The accident crystallized anti-nuclear safety concerns among activists and the general public, resulted in new regulations for the nuclear industry. It has been cited as a contributor to the decline of a new reactor construction program, a slowdown, underway in the 1970s; the partial meltdown resulted in the release of radioactive gases and radioactive iodine into the environment. Anti-nuclear movement activists expressed worries about regional health effects from the accident. However, epidemiological studies analyzing the rate of cancer in and around the area since the accident determined there was a small statistically non-significant increase in the rate and thus no causal connection linking the accident with these cancers has been substantiated. Cleanup started in August 1979, ended in December 1993, with a total cleanup cost of about $1 billion. In the night time hours preceding the incident, the TMI-2 reactor was running at 97% power, while the companion TMI-1 reactor was shut down for refueling.
The main chain of events leading to the partial core meltdown at 4:37 am EST on March 28, 1979, began in TMI-2's secondary loop, one of the three main water/steam loops in a pressurized water reactor. The initial cause of the accident happened eleven hours earlier, during an attempt by operators to fix a blockage in one of the eight condensate polishers, the sophisticated filters cleaning the secondary loop water; these filters are designed to stop minerals and impurities in the water from accumulating in the steam generators and increasing corrosion rates in the secondary side. Blockages are common with these resin filters and are fixed but in this case the usual method of forcing the stuck resin out with compressed air did not succeed; the operators decided to blow the compressed air into the water and let the force of the water clear the resin.
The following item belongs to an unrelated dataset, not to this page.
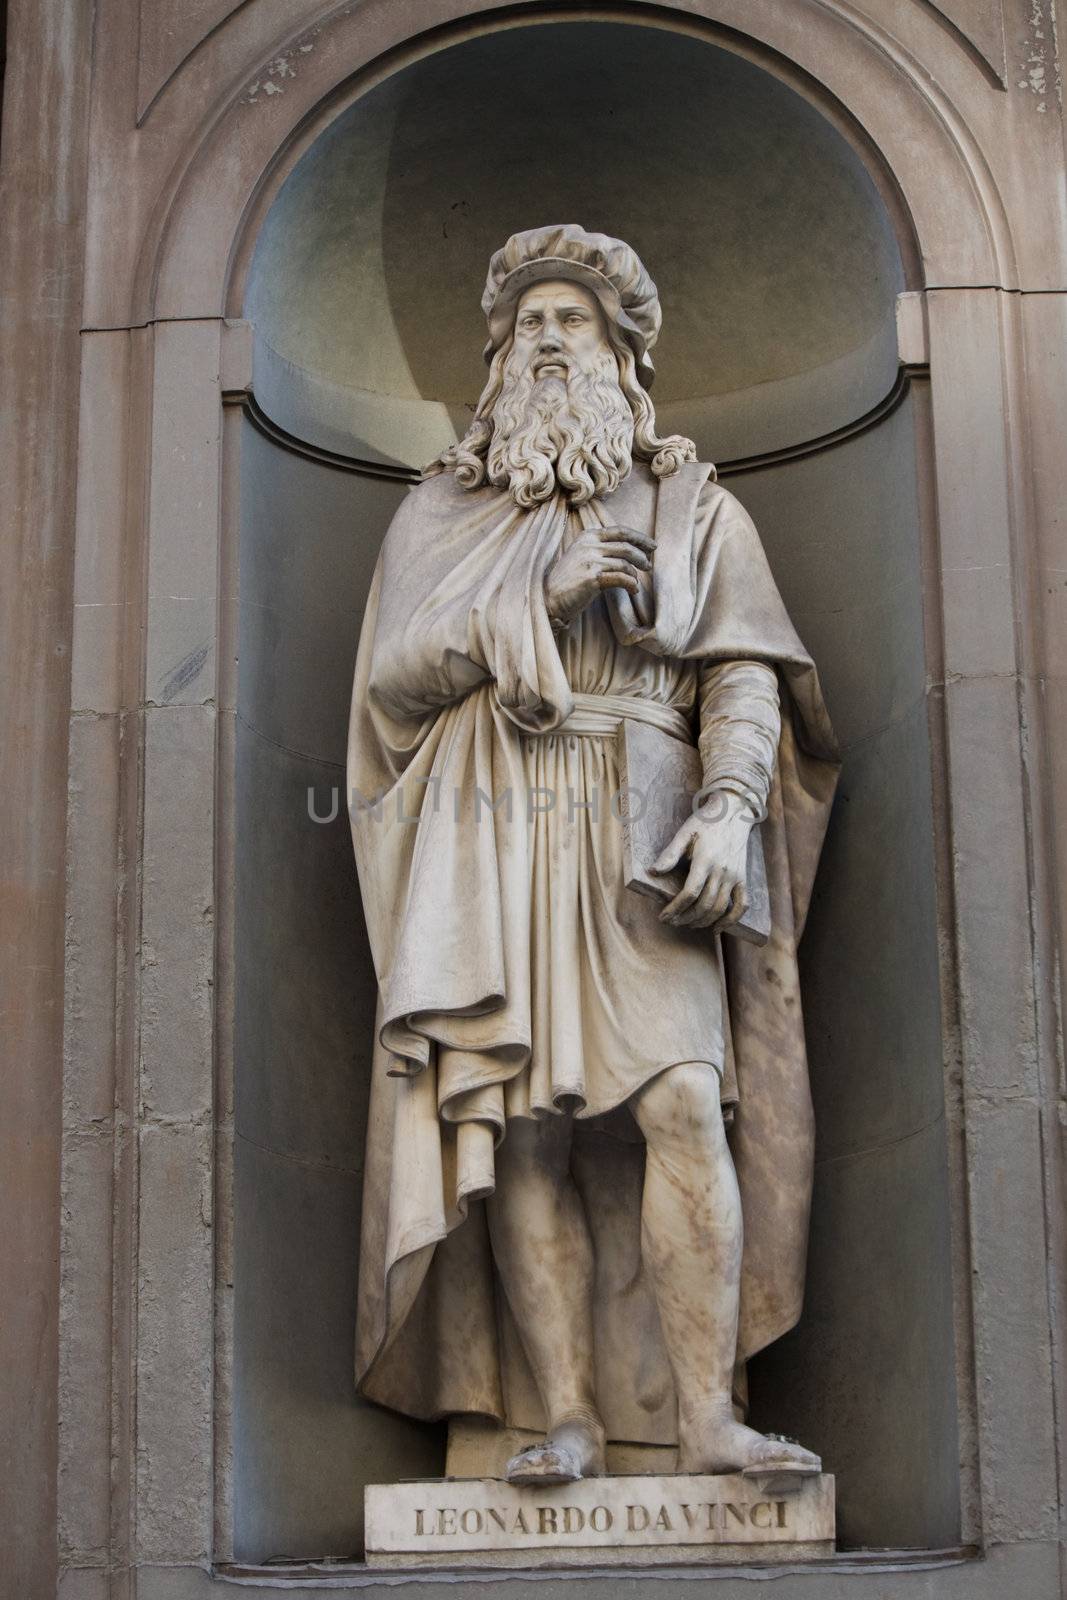 Statue of Leonardo da Vinci in Uffizi Gallery Florence Italy

When they forced the resin out, a small amount of water forced its way past a stuck-open check valve and found its way into an instrument air line.
This would cause the feedwater pumps, condensate booster pumps, condensate pumps to turn off around 4:00 am, which would in turn cause a turbine trip. As the steam generators were no longer receiving feedwater and pressure increased in the reactor coolant system, causing the reactor to perform an emergency shutdown. Within eight seconds, control rods were inserted into the core to halt the nuclear chain reaction; however the reactor continued to generate decay heat, because steam was no longer being used by the turbine, heat was no longer being removed from the reactor's primary water loop. Once the secondary feedwater pumps stopped, three auxiliary pumps activated automatically. However, because the valves had been closed for routine maintenance, the system was unable to pump any water; the closure of these valves was a violation of a key Nuclear Regulatory Commission rule, according to which the reactor must be shut down if all auxiliary feed pumps are closed for maintenance. This was singled out by NRC officials as a key failure.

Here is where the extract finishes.